The only reason this doesn’t already happen to burglars is the fact that nobody is expecting their house to be broken into on any given day. But if you’re expecting the bailiffs (as you presumably would be) then there’ll be all manner of Improvised Home-Protection Solutions [tm] available for you to deploy.
Ooh yes! Trap-doors, greased chutes, piranha-filled pools. I’ll get my tool box and make a start straight away. He. he!
“proposing that they be allowed “to use reasonable force, restraint or violence”
So, someone in the pay of the courts can use more force and violence to get into your home to take your stuff away than you can use to defend it fom ‘freelance’ removals?
No, exactly the same amount - reasonable force is already permitted in home defence.
Ok, but I’ve never heard anyone saying you can use reasonable violence to defend your home.
The two words, force and violence, conjure up different ideas, and call me a cynic but I’d wager that the forces of capitalism gets away with more violence than than a threatened homeowner.
Think about all that personal debt, and all that incessant, relentless, pandering from the financial sector; an avalanche of leaflets and flyers imploring us to take out a loan here or there, put all your debts together, take a holiday, snap up that groovy car….

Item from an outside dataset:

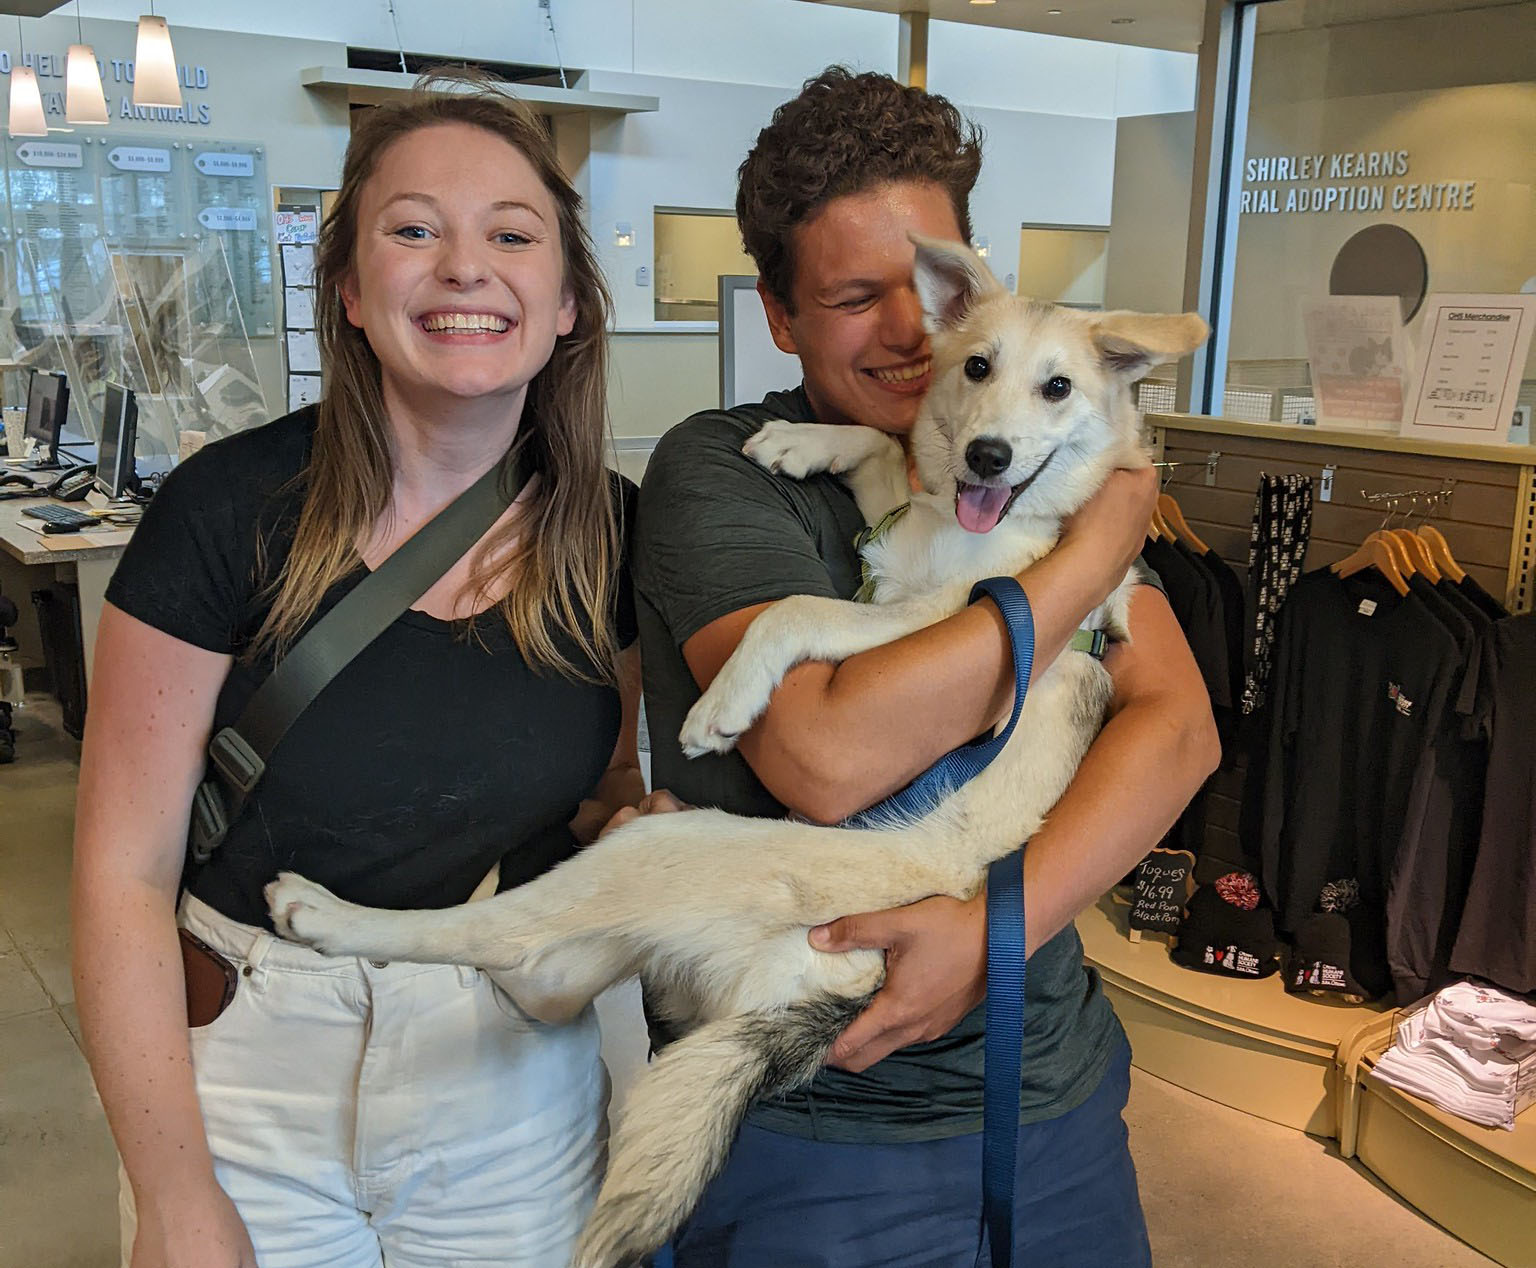 The “New” Way to Adopt - Ottawa Humane Society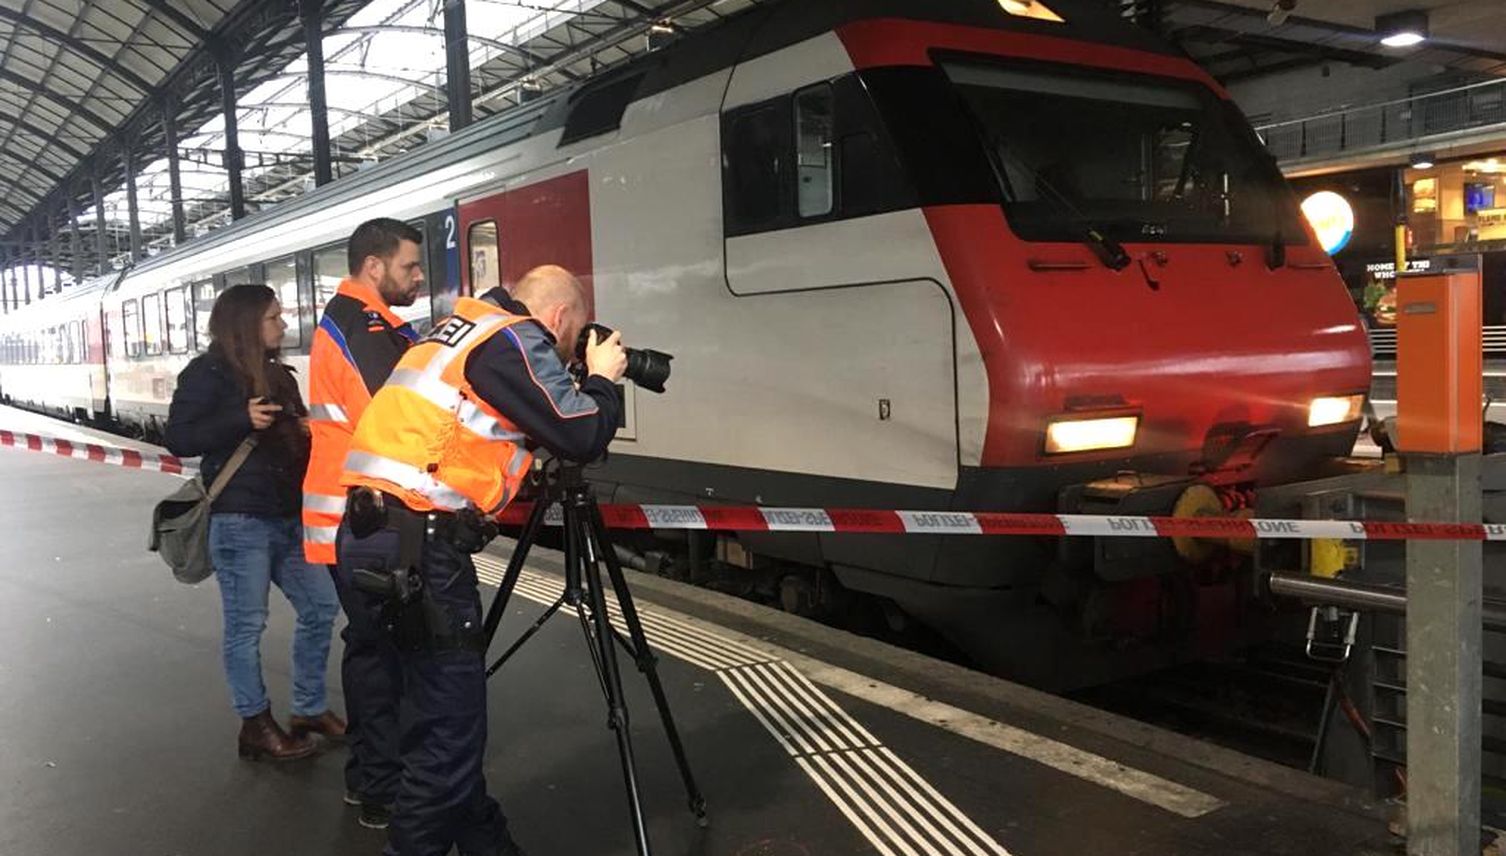 Zug fährt in Prellbock: Zwölf Verletzte im Bahnhof Luzern

I read somewhere that something like 25% of toy sales are generated purely by kids` pester power. So in short, a quart of toy sales are excess sales. We`re in this situation because our government has essentially thrown us to the wolves; deregulation of the financial sector is the main reason why personal debt is a horror story, why the Northern Wreck debacle came about, why the subprime chaos was allowed to develop, and why economic collapse is only a few corporate losses away.